Short Courses
SC105 Modulation Formats and Receiver Concepts for Optical Transmission Systems
Sunday, February 24, 9:00 a.m. - 12:00 p.m.
Peter J. Winzer, Sethumadhavan Chandrasekhar; Bell Labs, Alcatel-Lucent, USA
Level: Advanced Beginner (basic understanding of topic is necessary to follow course material)
Course Description
Progress in high-speed electronics and opto-electronics have led to single-channel data rates of 40 Gbit/s and above over the last few years. Concurrently, advances in optical filter design and optical multiplexer/demultiplexer technologies have brought down optical filter bandwidths to several tens of GHz. Together, these two trends have enabled ultra-dense channel spacings in wavelength division multiplexing (WDM) systems, and have made spectral efficiency a key issue in optical communications research. On the other hand, the impact of various impairments accumulated along a fiber-optic transmission line becomes more detrimental at higher bit rates and closer channel spacings, requiring the need for robust modulation formats and receiving techniques. The main focus of research and development has thus shifted to a quest for tolerant format-receiver combinations.
This course gives an overview of modulation formats for optical networking applications and outlines state-of-the-art methods to generate these formats. The course also addresses important issues of optical receiver design and optimization, presents widely used receiver performance measures, and discusses important receiver performance degradations and design tradeoffs, with an outlook to advanced optical receiver designs utilizing adaptive electronic post-processing and equalization. Finally, it highlights the interdependence of modulation format, receiver parameters and transmission impairments accumulated along the fiber path (e.g., optical noise, intra-channel and inter-channel crosstalk, optical filter cascades, residual chromatic dispersion, and polarization mode dispersion, among others).
Benefits and Learning Objectives
This course should enable you to:
- Discuss the main goals and important signal impairments in optical networking scenarios.
- Get an overview of promising optical modulation formats envisaged for next-generation fiber optic communications.
- Generate advanced optical modulation formats using state-of-the-art opto-electronic components.
- Explain the spectral and temporal properties of spectrally efficient formats.
- Work with optical receiver performance attributes, such as “sensitivity” and “required OSNR.”
- Discuss the trade-offs involved in optimizing high performance optical receivers.

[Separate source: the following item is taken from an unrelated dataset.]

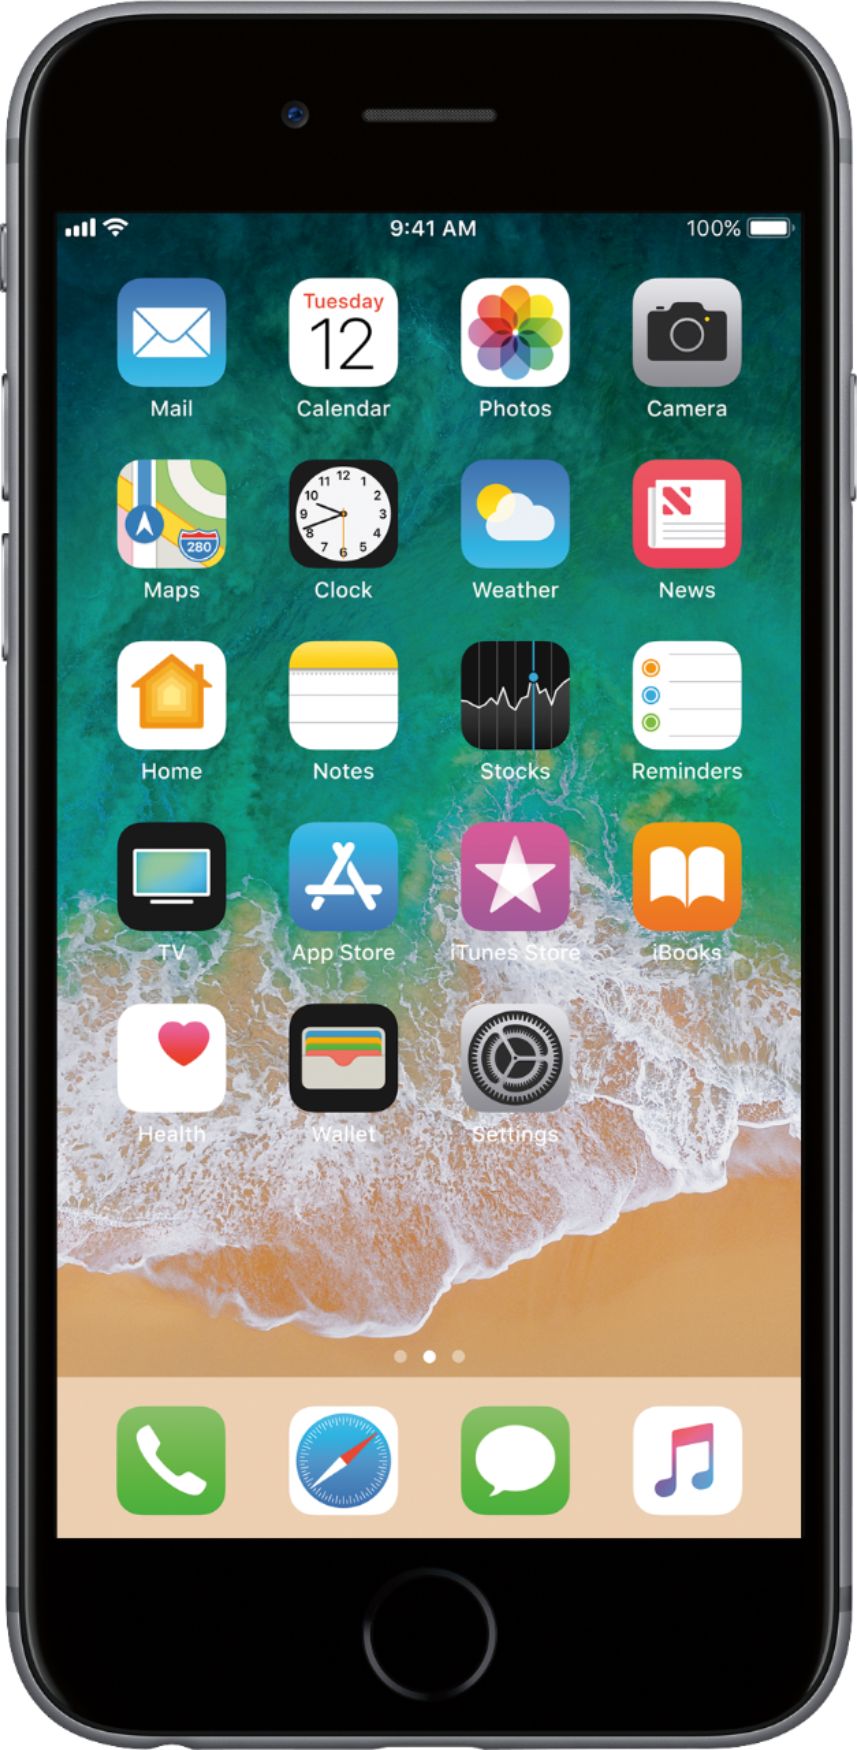 AT&T Prepaid Apple iPhone 6 4G LTE with 32GB Memory ...

- Recognize the interplay between modulation format, receiver design, and transmission impairments.
- Get an insight into future trends regarding advanced modulation techniques and receiver concepts.
Intended Audience
This is an advanced-level course intended for a diverse audience including lightwave system engineers, opto-electronic subsystem designers, and optical filter technologists. Some basic knowledge of current optical modulation and detection technologies and techniques will help in better understanding the course. The concepts described in the course will be beneficial to the scientific community engineering next-generation optical transmission systems.
Instructor Biographies
Peter J. Winzer received his Ph.D. in electrical engineering/communications engineering from the Vienna University of Technology, Vienna, Austria, in 1998. His academic work, largely supported by the European Space Agency (ESA), was related to the analysis and modeling of space-borne Doppler wind lidar and highly sensitive free-space optical communication systems. In this context, he specialized on optical modulation formats and high-sensitivity receivers using coherent and direct detection. He continued to pursue this field of research after joining Bell Labs in November 2000, where he focused on Raman amplification, optical modulation formats, advanced receiver concepts, and digital signal processing techniques for 10, 40, and 100-Gb/s fiber-optic communication systems.
Sethumadhavan Chandrasekhar received the Ph.D. in physics from the University of Bombay, Bombay, India, in 1985. He joined Lucent Technologies, Bell Laboratories (formerly AT&T Bell Laboratories), Holmdel, New Jersey, in 1986. He has worked on III-V compound semiconductor devices such as photodetectors, heterojunction phototransistors, bipolar transitors (HBTs) and high-speed optoelectronic integrated circuits (OEICs), advanced receive-side digital signal processing, novel modulation formats and high speed DWDM optical networking systems. His current activities include ROADMs, mesh optical networking and hybrid DWDM 10G/40G/100G transmission. He is a fellow of the IEEE.